◆ **Exercise aim**
Everything below from the line with "Lianna, Vivian, Mahogany" through the line with "Trương Tân Thành" must be retyped exactly, except the pictures.

◆ **Given information**

=== Section Start ===

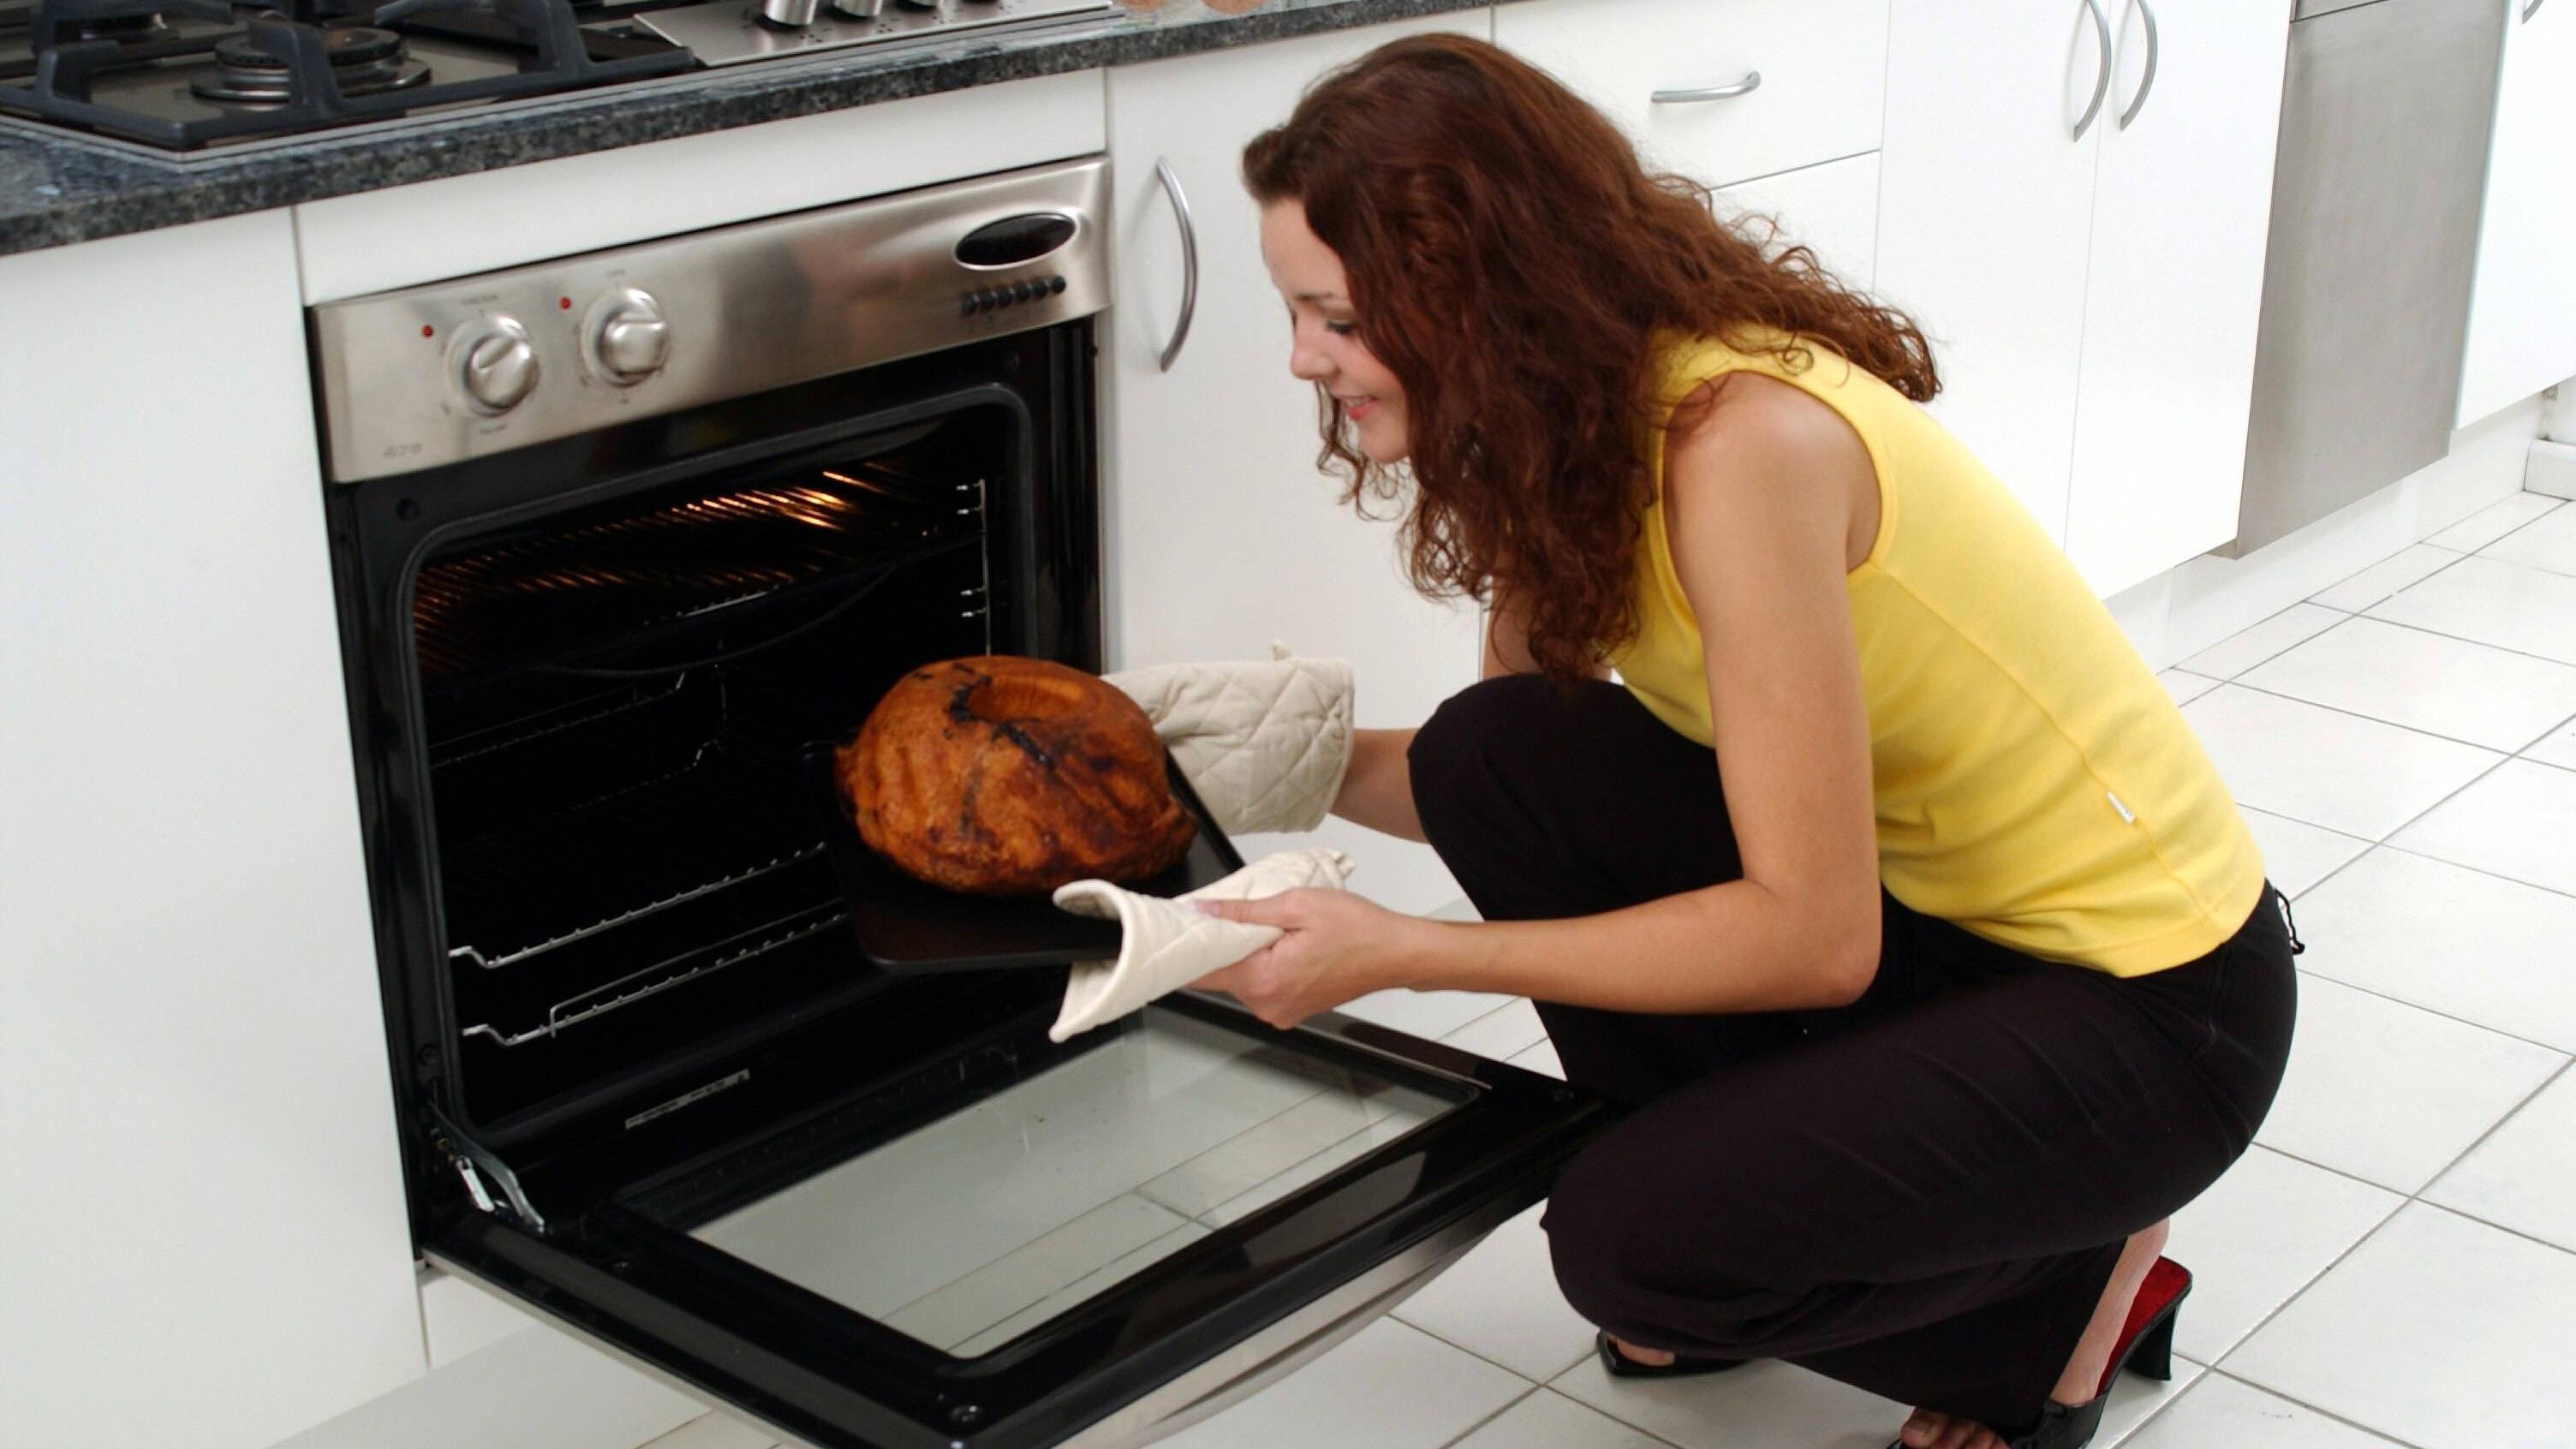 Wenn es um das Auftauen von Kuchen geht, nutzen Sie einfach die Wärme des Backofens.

=== Section End ===
=== Section Start ===

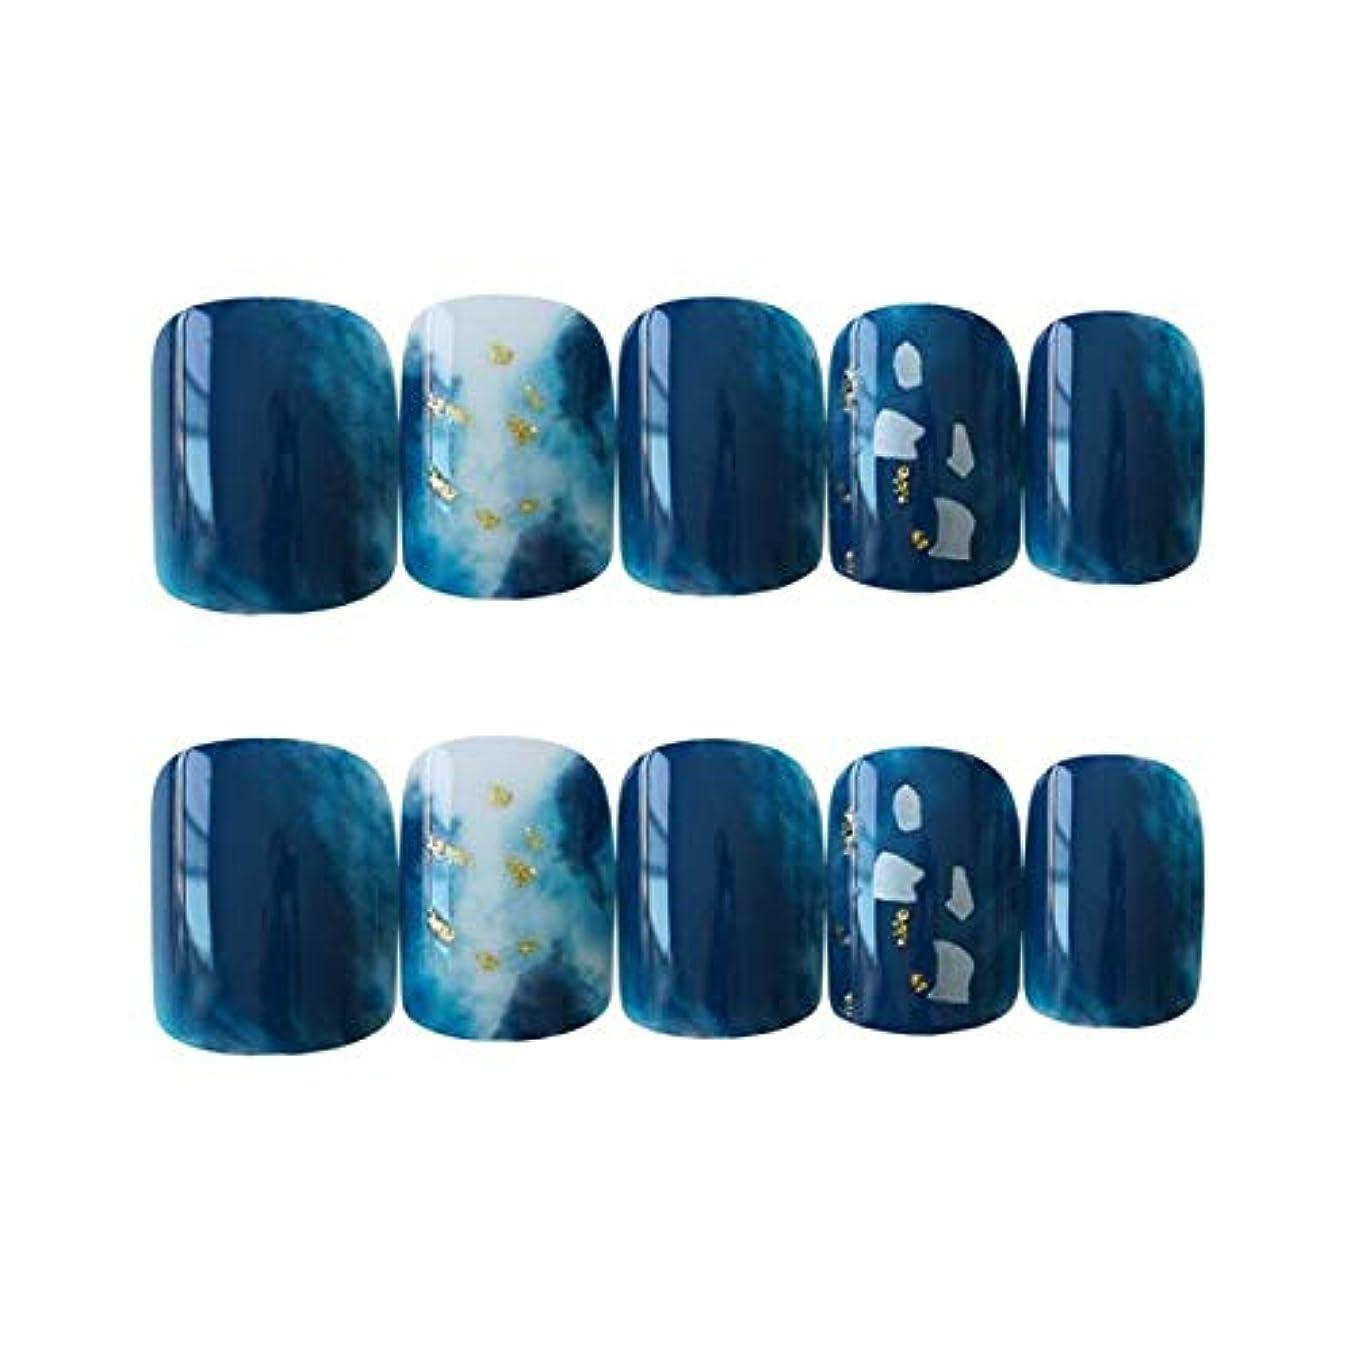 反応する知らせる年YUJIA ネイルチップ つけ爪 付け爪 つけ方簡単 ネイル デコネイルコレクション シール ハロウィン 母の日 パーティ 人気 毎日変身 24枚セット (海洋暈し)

=== Section End ===
=== Section Start ===

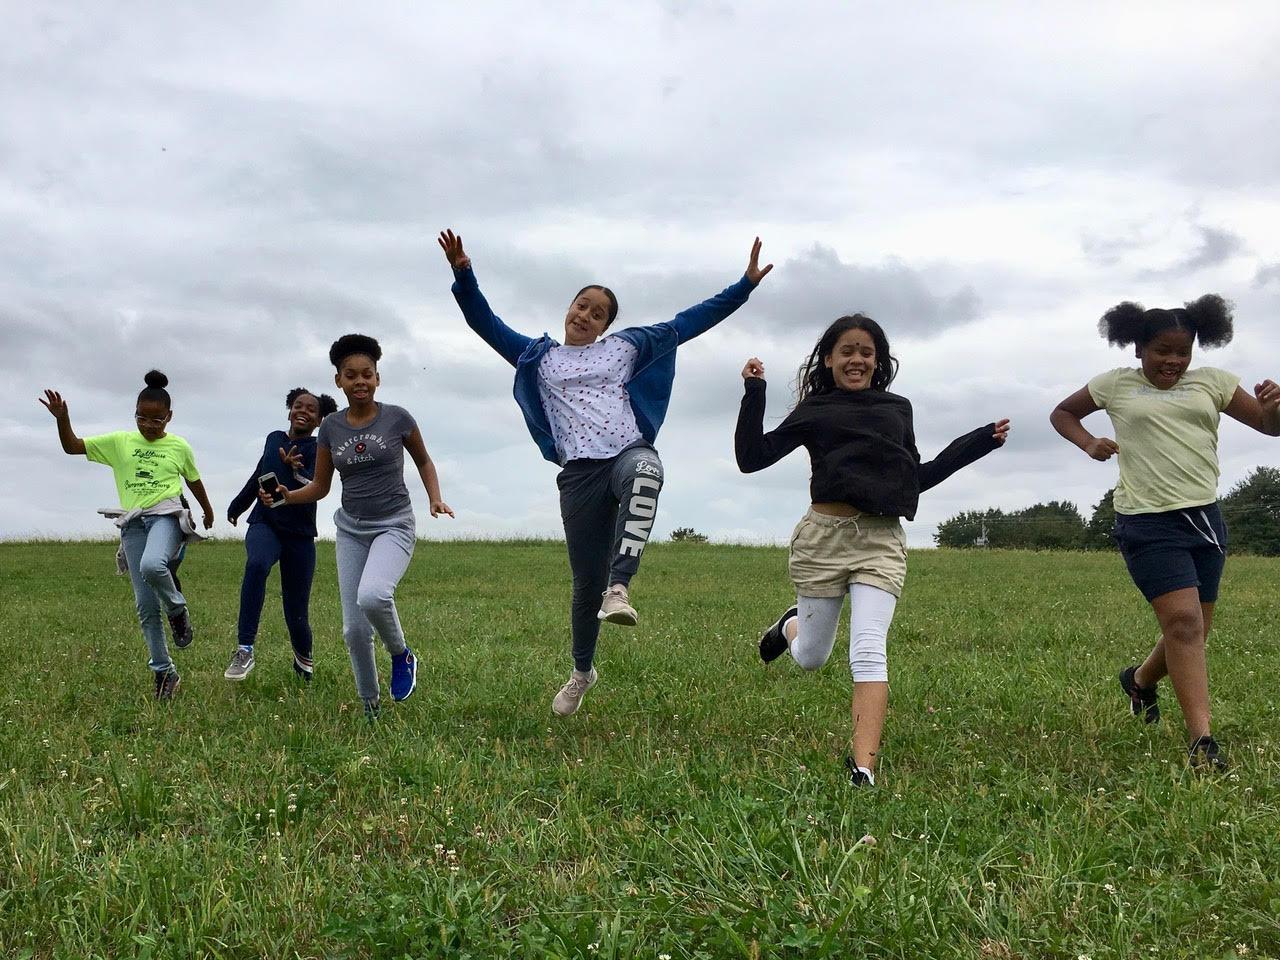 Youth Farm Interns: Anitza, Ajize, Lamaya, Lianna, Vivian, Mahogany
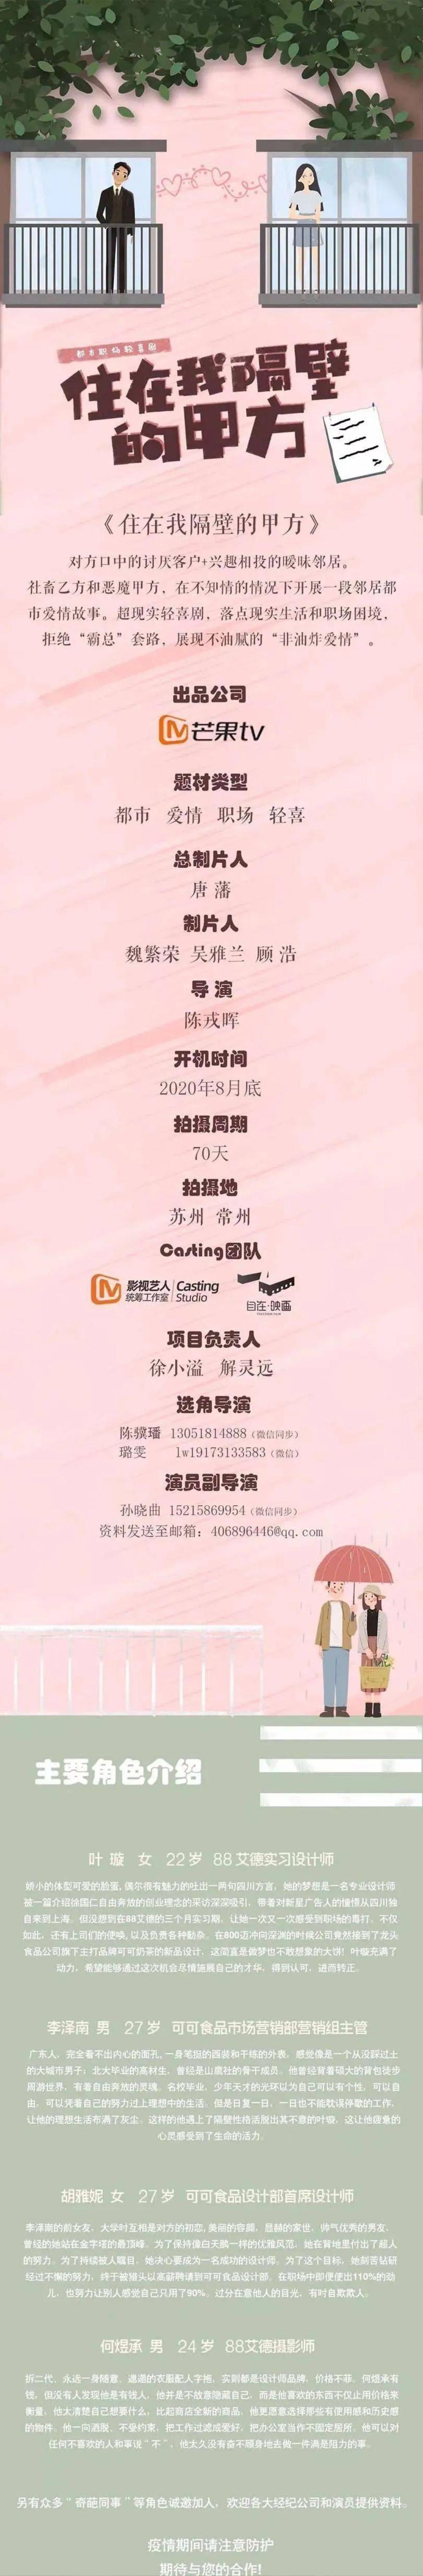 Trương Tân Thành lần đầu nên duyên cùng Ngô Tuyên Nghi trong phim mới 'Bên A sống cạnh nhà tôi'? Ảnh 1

=== Section End ===

◆ **Response to this exercise**
 Youth Farm Interns: Anitza, Ajize, Lamaya, Lianna, Vivian, Mahogany
 Trương Tân Thành lần đầu nên duyên cùng Ngô Tuyên Nghi trong phim mới 'Bên A sống cạnh nhà tôi'? Ảnh 1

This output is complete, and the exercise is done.